L’œuvre manuscrite de Boris Vian est complète : romans, poésies, pièces de théâtre ou encore essais. Mais l’artiste ne s’arrête pas là et se plonge aussi dans la musique. Si ses romans ont plus de succès que ses autres œuvres, le triomphe n’est pas immédiat : L’Ecume des jours, par exemple, ne commencera à susciter l’intérêt du public que dans les années soixante et soixante-dix, soit plusieurs années après la mort de l’écrivain.


Boris Vian et la musique

Boris Vian a un lien très particulier avec la musique, et surtout avec le jazz. Il milite beaucoup pour ce genre musical : participation à l’association Hot Club de France qui promeut le jazz, rédactions d’articles à ce sujet, émissions radiophoniques comme Jazz in Paris… Cet aspect-là de sa personnalité se retrouve également dans ses livres. On y retrouve en effet de nombreuses références à des figures américaines du jazz comme Duke Ellington, qu’il suivra d’ailleurs à son arrivée à Paris et dont il fera la promotion. Le jazz prend une place particulièrement importante dans la vie de Boris Vian lorsque ses romans se vendent très mal, entre L’Automne à Pékin qui est un échec commercial et ses parodies de romans américains qui n’intéressent pas non plus. Comme le disait Henri Salvador de Boris Vian, l’écrivain « était un amoureux du jazz, ne vivait que pour le jazz, n'entendait, ne s'exprimait qu'en jazz ».

L’attrait de Boris Vian pour la musique ne se limite pas à l’écoute de ce genre musical : il est aussi parolier et chanteur. Ses chansons sont fidèles à ses écrits : comiques et décalées, comme en témoignent Fais-moi mal Johnny, J’suis snob ou encore On n’est pas là pour se faire engueuler, mais elles sont parfois également engagées comme avec Le Déserteur ou La Java des bombes atomiques. Il se consacre totalement à la musique dès 1954 en devenant parolier avant d’être interprète de ses propres chansons, faute d’en trouver un. Il n’y a cependant rien d’étonnant au fait que Boris Vian ait un lien particulier avec la musique : sa mère était une musicienne jouant de la harpe et du piano. Son prénom Boris vient d’ailleurs d’un opéra russe appelé « Boris Godounov ».

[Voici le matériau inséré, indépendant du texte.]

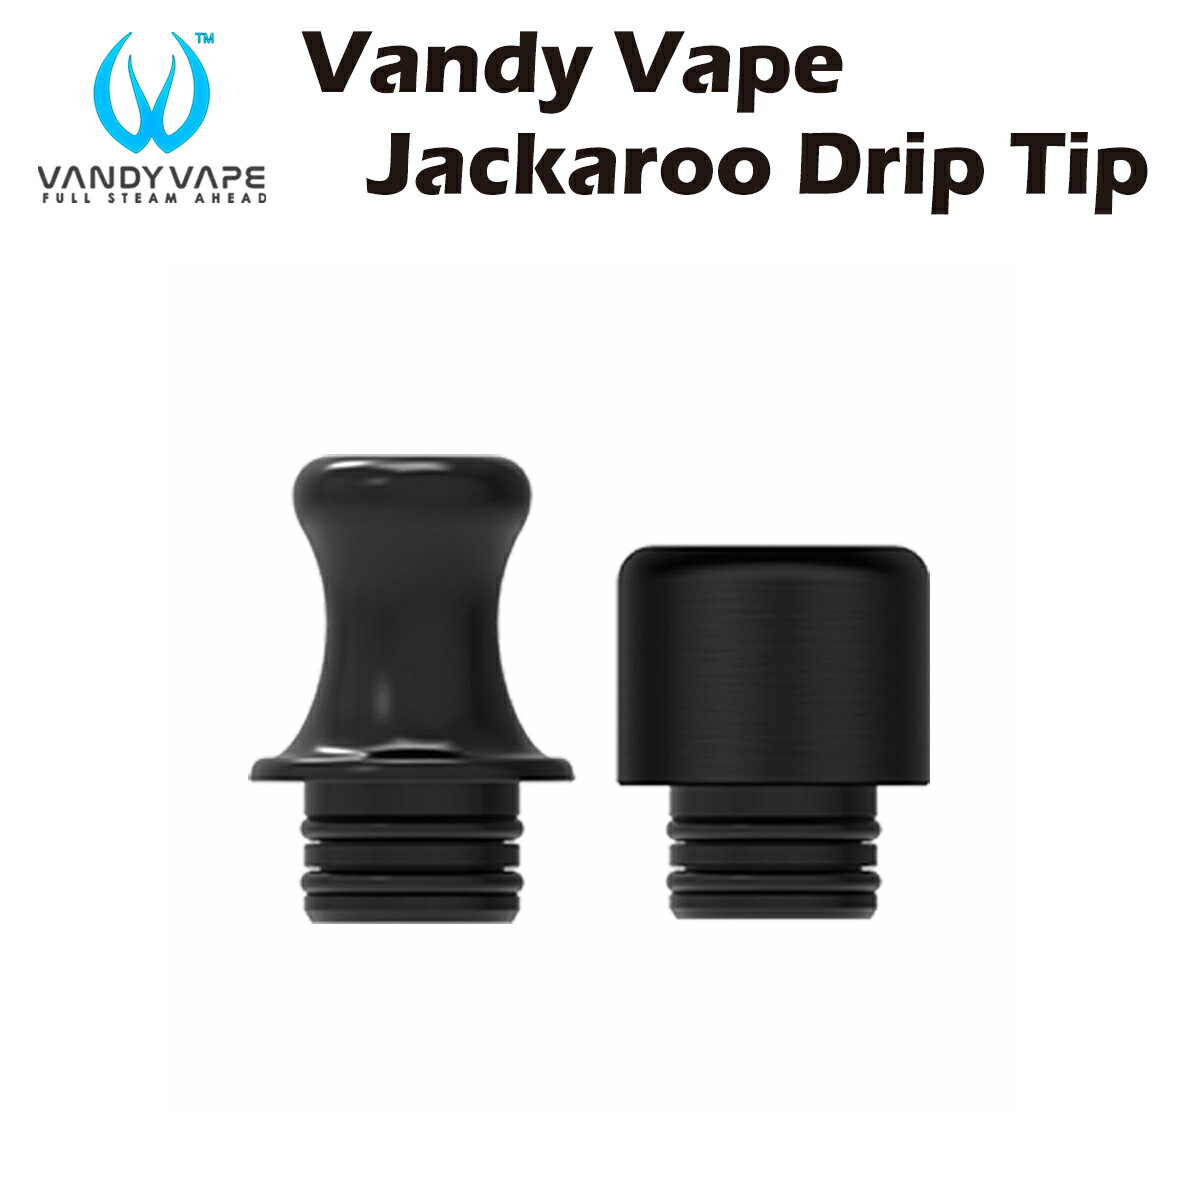 VandyVape Jackaroo 510 純正ドリップチップ MTL / DL バンディベイプ ジャッカル 電子タバコ 電子たばこ ベイプ vandy

Voilà comment en seulement trente-neuf ans d’existence Boris Vian a su marquer la culture française : avec un style unique, qui se retrouve aussi bien dans ses romans que dans ses chansons, qui prêtent à toutes les émotions. Boris Vian est un artiste complet à lire absolument et sans retenue, ainsi qu’à écouter. Ne vous limitez pas à ce que vous avez appris de lui en classe ; foncez dévorer L’Automne à Pékin et L’Herbe Rouge si vous avez déjà lu ses classiques comme L’Ecume des Jours ! De nombreux théâtres revisitent également les romans de Boris Vian, c’est aussi une très jolie façon de (re)découvrir son œuvre et de se divertir.